Et l’on perçoit le propos du film : les adultes se comportent rarement en adultes. L’addiction, toujours, les guide : le jeu, le travail, l’argent, le pouvoir, les mots, la drogue en leur faisant oublier leurs proches… Les défauts qui semblaient si sympas, deviennent vite encombrants. Et les couples se défont… Pendant ce temps les enfants sont souvent délaissés, oubliés, mal aimés.
« Heureusement qu’il y a les enfants pour s’occuper des enfants » dit une gamine dans le film… Heureusement qu’il y a les enfants pour s’occuper des parents devrait dire Victoria à propos de son père Martin Socoa (Vincent Lindon)… Le drame se noue… A moins qu’il ne s’agisse d’une échappée belle, d’un voyage improvisé, d’une fuite dans le rêve !
Et puis la vie va, la vie vient…. Alors le film de Pascal Thomas laisse, en arrière-goût une saveur douce-amère…

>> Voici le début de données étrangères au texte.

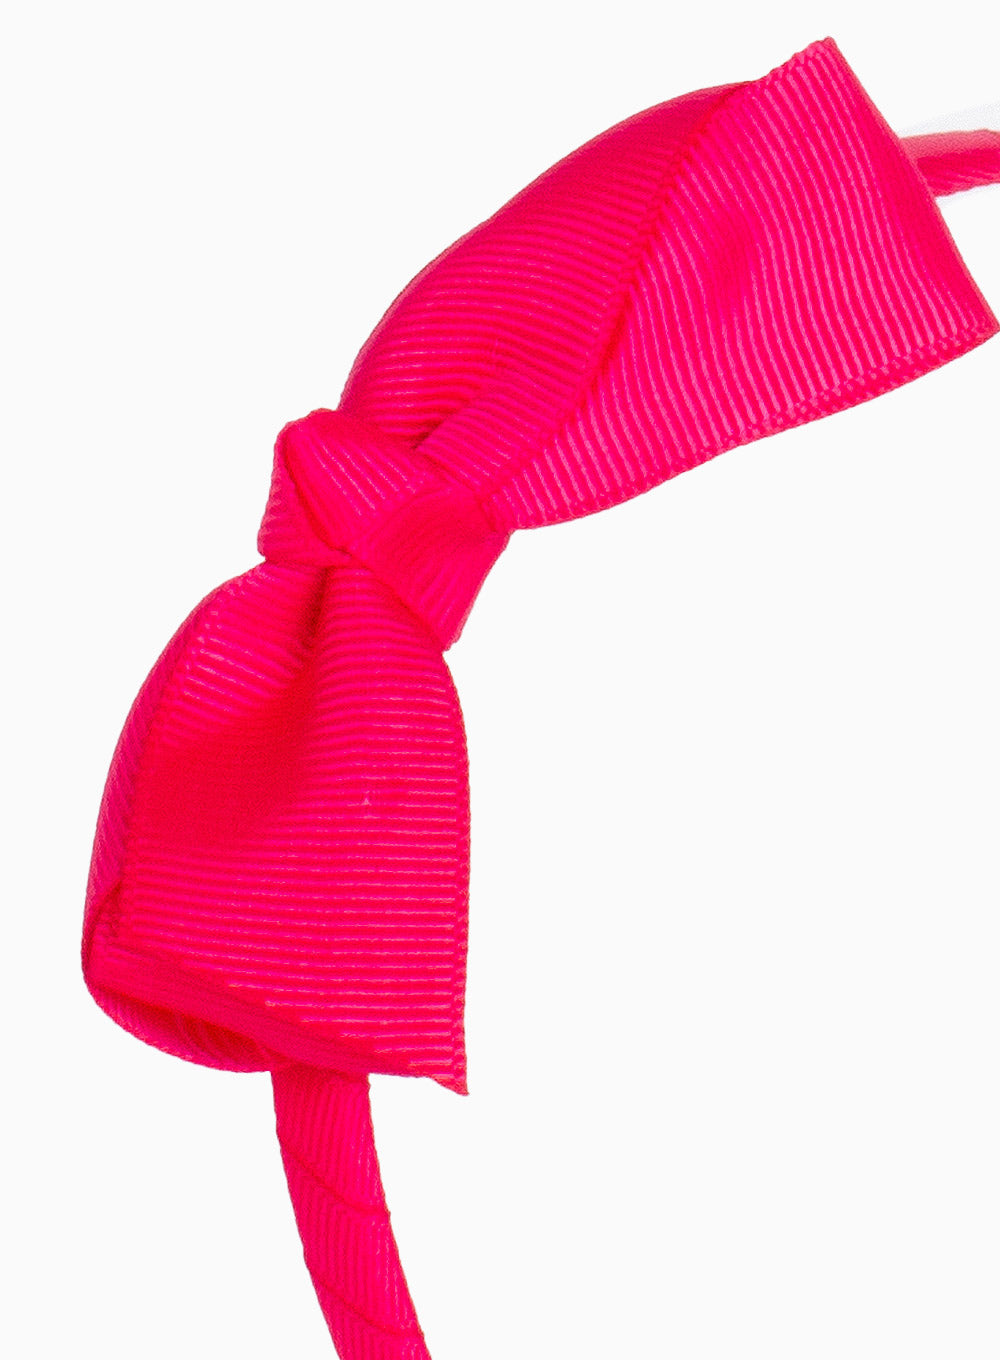 Pretty Bow Alice Band in Shocking Pink

La façon classique du réalisateur sert ce microcosme sociétal légèrement désuet. Les acteurs sont bons… Les enfants plus encore. Mais j’accolerai tout de même un bémol à la prestation de l’actrice fétiche du réalisateur, Catherine Frot dont le jeu me semple apprêté et artificiel… Mais, bon, ce n’est que mon avis… Et la région nantaise resplendit de toute sa beauté… UN BON FILM.
Longue journée pour ce "téléfilm" à petites histoires inintéressantes croisées; ça dégouline de mièverie, d'acteurs médiocres (sauf les acteurs confirmés). C'est pas nul, c'est juste inutile; public recommandé : la mère au foyer.

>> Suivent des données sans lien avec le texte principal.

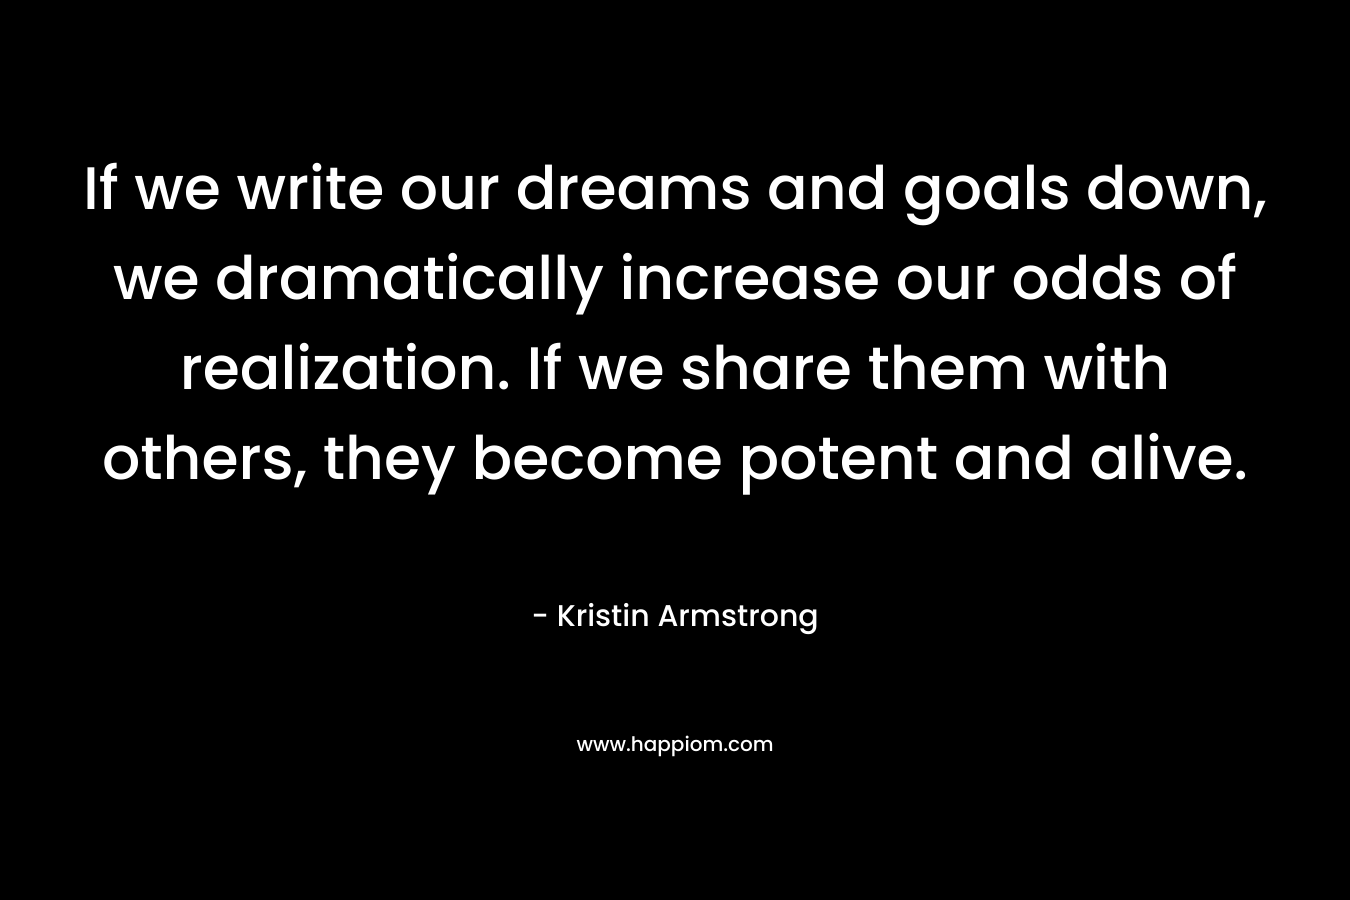 If we write our dreams and goals down, we dramatically increase our odds of realization. If we share them with others, they become potent and alive.

Une jolie comédie, fine et drôle et magnifiquement interprétée par Vincent Lindon (toujours aussi fripé), une kyrielle d’actrices bien sympathiques et une bande d’enfants charmants (Bravo à Victoria Lafaurie qui possède bien les gènes de son père, le réalisateur Pascal Thomas). C’est alerte, un peu décousu du fait de toutes ces historiettes simultanées, et très humain, très bien observé, avec la tendresse et aussi l’ironie qui sont les marques de Pascal Thomas.